Mon, Dec 12, 2016 2-minute read

If you’ve ever been interested in having all of Wikipedia in a plain-text format, you might have been disappointed to learn that Wikipedia doesn’t actually make this format available. Fortunately, they do offer an XML version of the entire database, so I’ve written a PowerShell script to convert that XML dump into individual plain-text articles. The script tries to remove as much of Wikipedia’s additional markup as possible, and skips inconsequential articles. This script demonstrates a unique way of processing XML in PowerShell that you rarely see - because it is rarely needed. In XML form, the Wikipedia database is nearly 60GB. This is FAR too large for PowerShell’s [xml] cast, due to the memory overhead required for the XmlDocument format on which the [xml] cast is built. It’s also far too large for most systems to even hold in memory at once. Instead, this script takes a streaming approach built on System.Xml.XmlReader. The XmlReader class lets you handle tags and elements as the reader sees them, rather than forcing you to wait for that final ill-fated closing tag while everything buffers in memory.

  1. Install the ‘Split-Wikipedia’ helper script from a PowerShell prompt:
    1. Install-Script Split-Wikipedia -Scope CurrentUser
    2. The Install-Script command requires Windows 10 or install PowerShell 5.0.
    3. If this is the first time you’ve used Install-Script, exit PowerShell and launch it again.
  2. Use PowerShell to navigate to a directory that you want to contain your Wikipedia articles
    1. mkdir ~/Documents/Wikipedia
    2. Set-Location ~/Documents/Wikipedia
  3. Download the latest English Wikipedia database (~ 13GB)
    1. Invoke-WebRequest https://dumps.wikimedia.org/enwiki/latest/enwiki-latest-pages-articles.xml.bz2 -Outfile enwiki-latest-pages-articles.xml.bz2
  4. Decompress the XML, using bzip2 (or another tool like 7zip if you wish):
    1. bzip2 -d enwiki-latest-pages-articles.xml.bz2
  5. Process the XML (~ 58GB).

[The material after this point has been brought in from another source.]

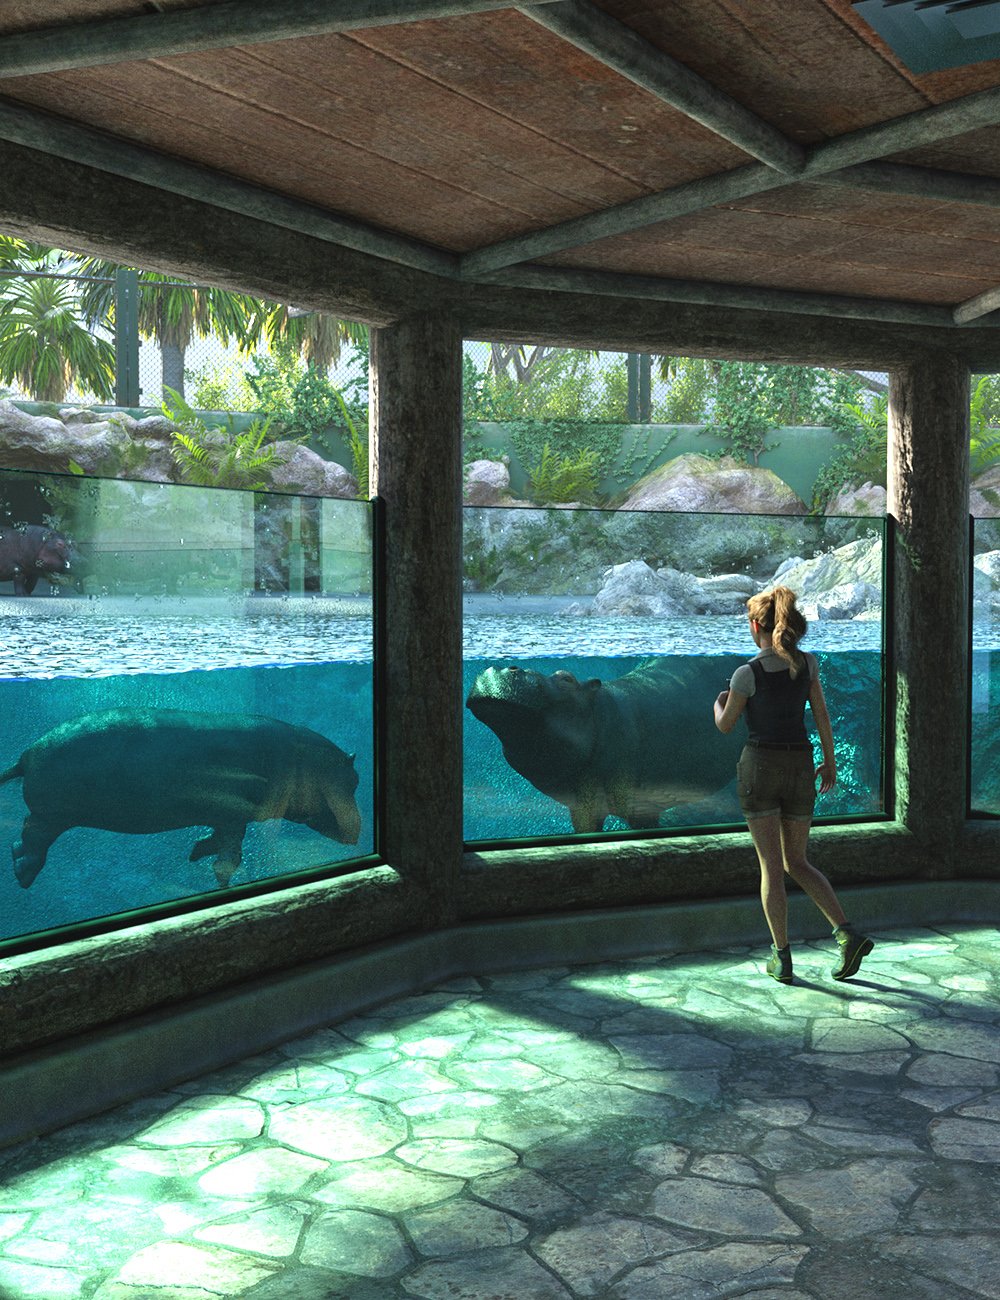 Zoo Pool by: Predatron, 3D Models by Daz 3D

This will take about 7 hours:
    1. Split-Wikipedia -Path ./enwiki-latest-pages-articles.xml
  6. (Optional) Delete the source XML
    1. Remove-Item ./enwiki-latest-pages-articles.xml

All 4 million articles are now in your ‘Wikipedia\Articles’ directory. Within this directory, they are again split into subdirectories of 5,000 articles each - as most software (i.e.: File | Open dialogs, browsing in Explorer) doesn’t handle single directories with 4 million items very well. Enjoy!